Steinbrück dismissed the “real existing socialism” on offer in East Germany as “soviet socialism”, the report continues.

Steinbrück said yesterday he found no remarkable information in the file “except on the people who spied on me during my visits”.

"The denunciation that I was a Marxist is, at best, the stuff of political cabaret," he added. In several newspaper reports Die Welt has insinuated that Steinbrück's contacts with the Stasi may have been more far-reaching than his file suggested and that it had other material suggesting links to the Soviet Union's KGB.

Before they could act, however, Steinbrück released the file in full.
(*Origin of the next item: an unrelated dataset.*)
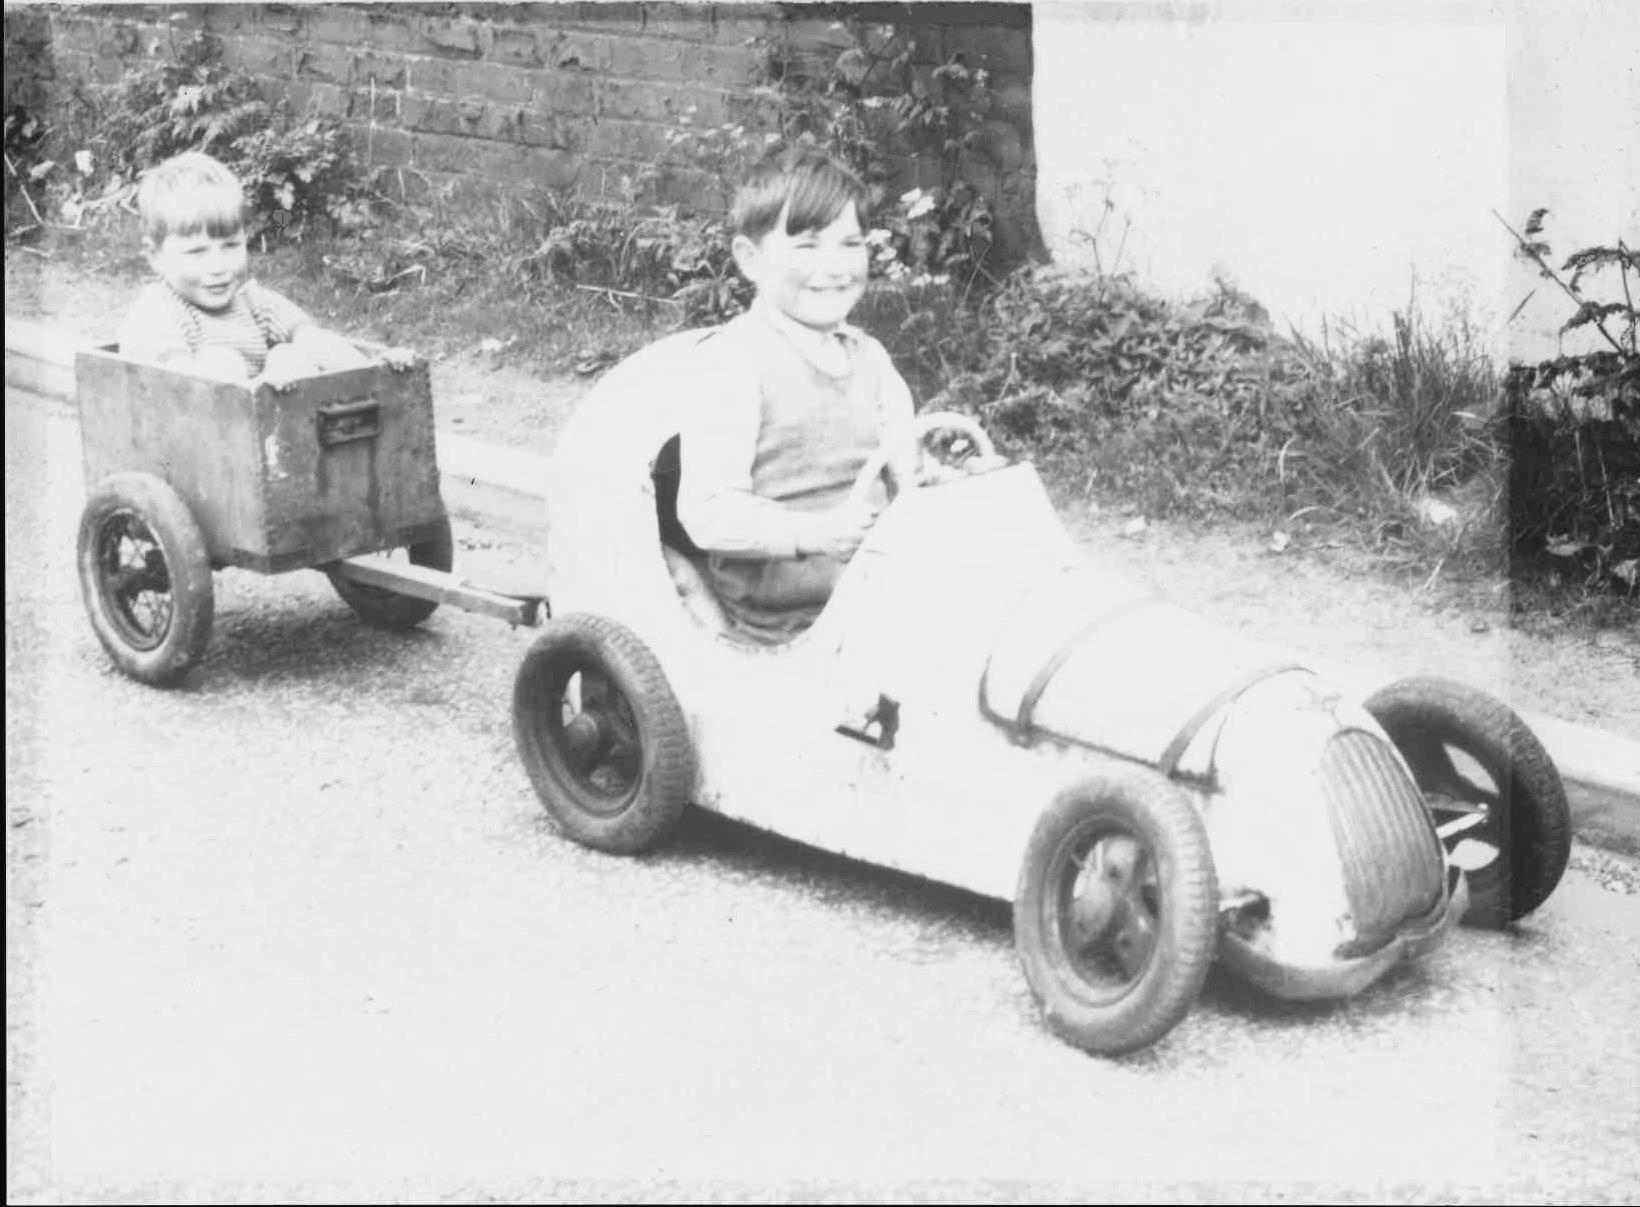 John Wheeldon 10 years old in a pedal car

Rather than damage him, the Stasi documents and the campaign by Die Welt could have the opposite effect.

According to the file, he told his East German friends he would have to end his visits after the 1976 election, and stop corresponding in 1981, after he began working for the SPD government in Bonn “to which”, the file notes coldly, “he stands fully and completely”.

Three decades on, the file is filled with many such nuggets of unintended praise for Steinbrück that are very welcome in an election campaign.

His apparent left-wing sympathies will come as a surprise to many, particularly in his own party, who placed the 66-year-old firmly in the SPD’s centre-right wing.


Welfare reforms
Indeed party left-wingers have never forgotten how Steinbrück once attacked them as "cry-babies" for criticising decade-old welfare reforms.

Steinbrück’s struggle to get his election campaign off the ground has been attributed to his difficulty squaring his own political convictions with a social justice programme formulated by the left-dominant SPD.

He insisted yesterday that he had never been approached directly to work for any other foreign intelligence service, in particular not the Stasi.

Merkel has said she was once approached by the Stasi, but told them she was an inveterate gossip and unable to hold her tongue. The Stasi never called again.